Home > Press > New paper offers insights into “blinking” phenomenon
Abstract:
A new paper by a team of researchers led by University of Notre Dame physicist Bolizsár Jankó provides an overview of research into one of the few remaining unsolved problems of quantum mechanics.
More than a century ago, at the dawn of modern quantum mechanics, the Nobel Prize-winning physicist Neils Bohr predicted so-called "quantum jumps." He predicted that these jumps would be due to electrons making transitions between discrete energy levels of individual atoms and molecules. Although controversial in Bohr's time, such quantum jumps were experimentally observed, and his prediction verified, in the 1980s. More recently, with the development of single molecule imaging techniques in the early 1990s, it has been possible to observe similar jumps in individual molecules.

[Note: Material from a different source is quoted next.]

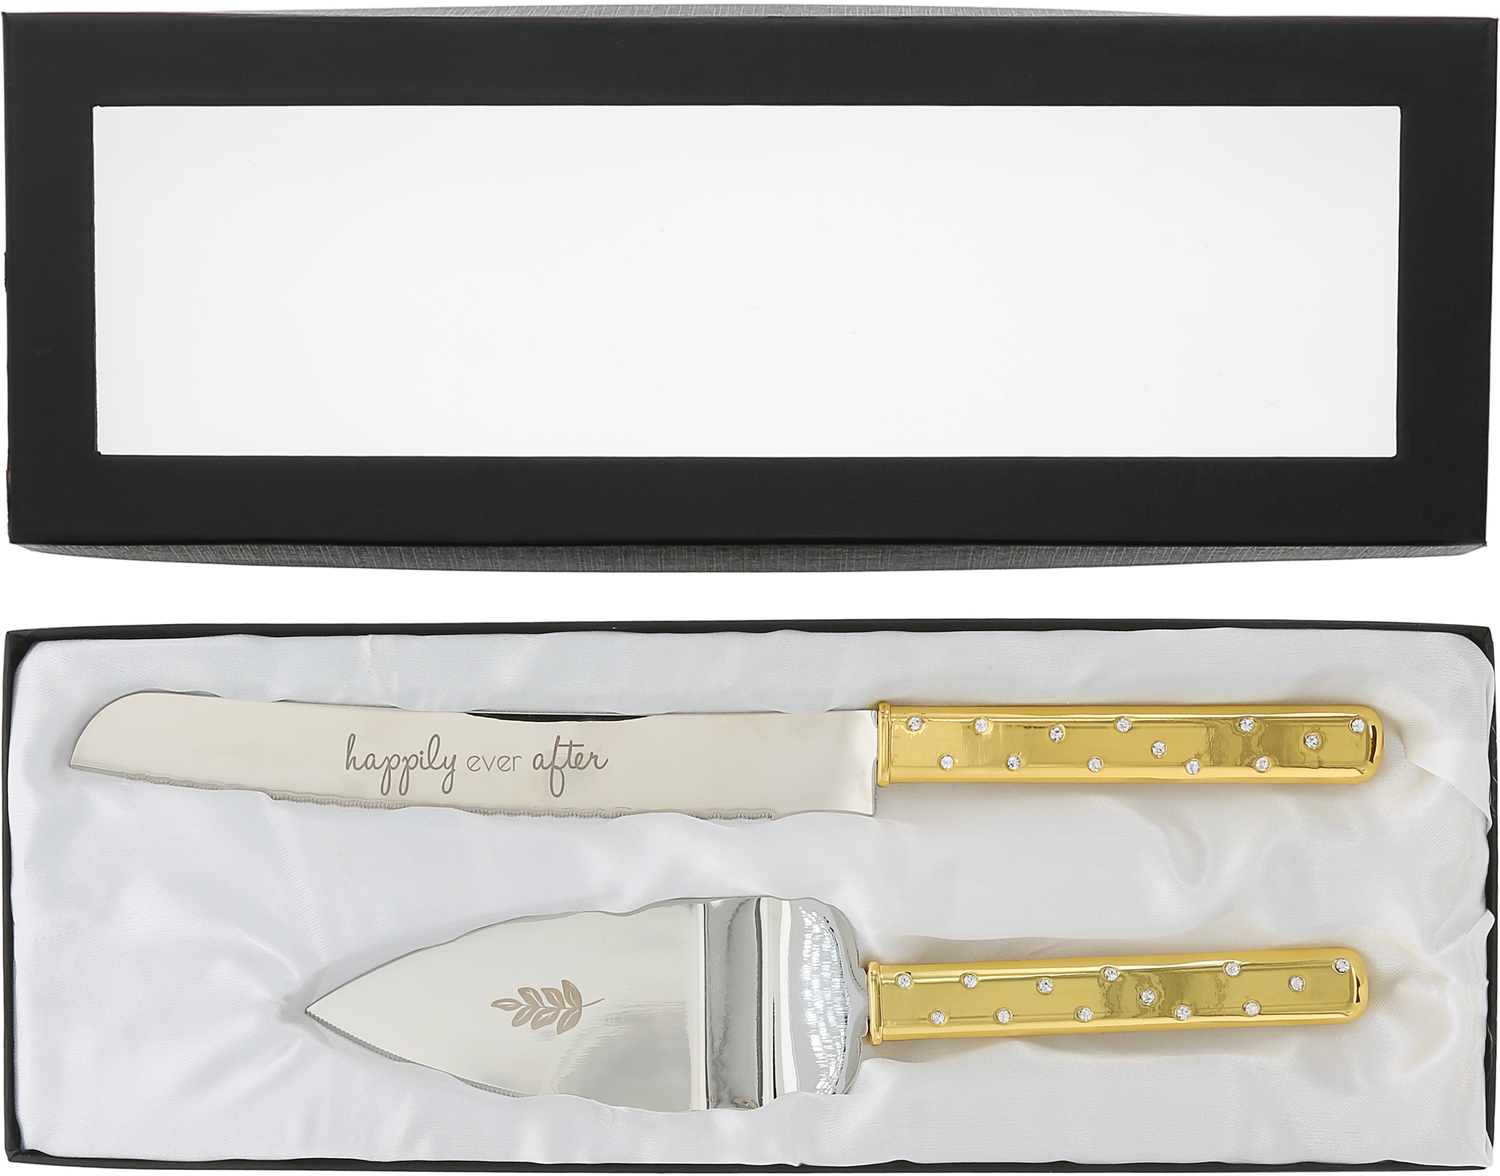 Happily Ever After by Love Grows - Happily Ever After - Cake Knife and Server Set

Experimentally, these quantum jumps translate to discrete interruptions of the continuous emission from single molecules, revealing a phenomenon known as florescent intermittency or "blinking."
However, while certain instances of blinking can be directly ascribed to Bohr's original quantum jumps, many more cases exist where the observed fluorescence intermittency does not follow his predictions. Specifically, in systems as diverse as fluorescent proteins, single-light harvesting complexes, single organic fluorophores, and, most recently, individual inorganic nanostructures, clear deviations from Bohr's predictions occur.
As a consequence, virtually all know fluorophores, including fluorescent quantum dots and molecules, exhibit unexplainable episodes of intermittent "blinking" in their emission. The underlying quantum mechanical process responsible for this phenomenon is an enduring mystery in modern chemical physics.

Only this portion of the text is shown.